Размер шрифта
-
+

Человек. Образ и сущность 2017. Гуманитарные аспекты. № 1–2 (28–29): Социокультурные трансформации в условиях геополитических преобразований - стр. 10

Мишель Фуко, оценивая глобальную ситуацию второй половины XX в., естественно, не мог не видеть ее парадоксальности. Он пытался прояснить для себя сущность этой парадоксальности через осмысление исторических форм безумия в классическую эпоху.

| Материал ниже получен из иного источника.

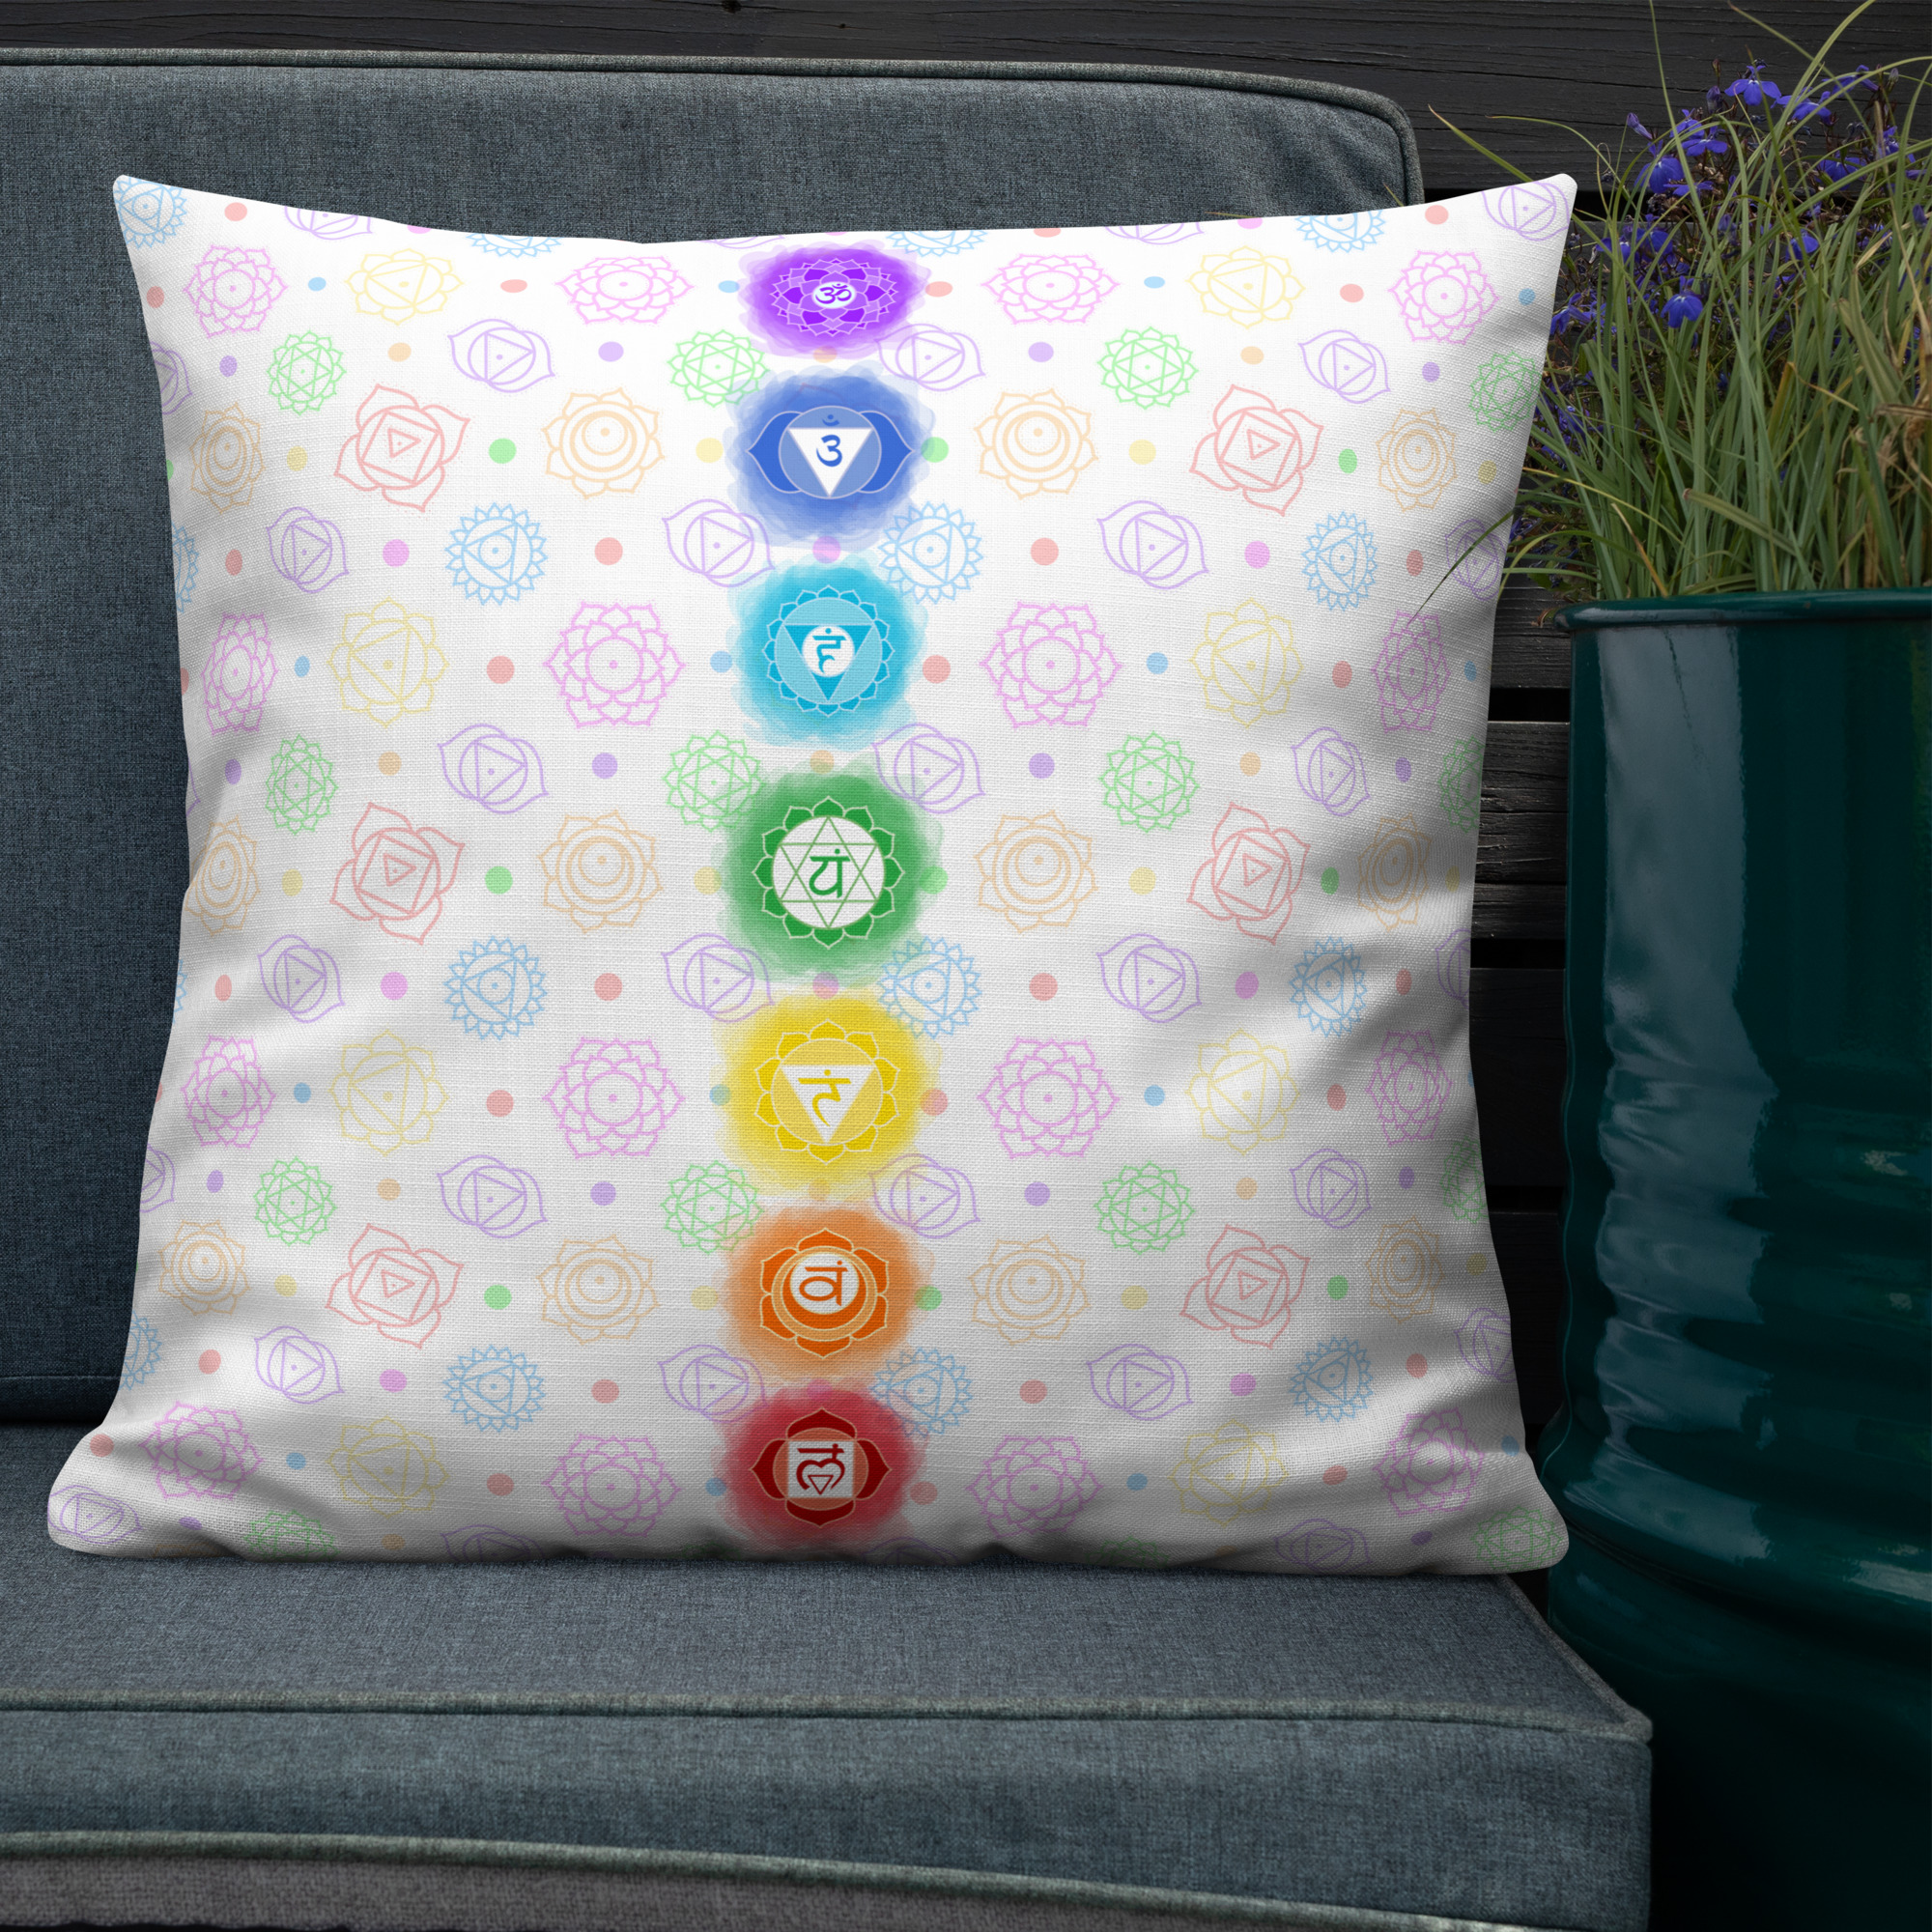 Creative Muse' Sacral Chakra Pillow - Empowered with Alana #empoweredAF  #coaching #evolve

Анализируя историю безумия в классическую эпоху, он отмечал рождение опыта, пересечение патологий. «Возьмем наугад, – писал он, – несколько человек, подвергшихся изоляции из-за “повреждения” в уме и упомянутых в регистрационных книгах: это “закоренелый жалобщик”, “величайший из сутяг”, “человек весьма злобный и сварливый”, “человек, днем и ночью докучающий прочим людям своими песнями и изрыгающий ужаснейшие богохульства”, “расклейщик пасквилей”, “большой лжец”, “человек, умом беспокойный, угрюмый и нелюдимый”» [Фуко, 1997, с. 147]. Очевидно, что в этих характеристиках проявления умственного заболевания и проявления особенностей характера пересекаются, так что их видение в равной степени представляет картину безумия.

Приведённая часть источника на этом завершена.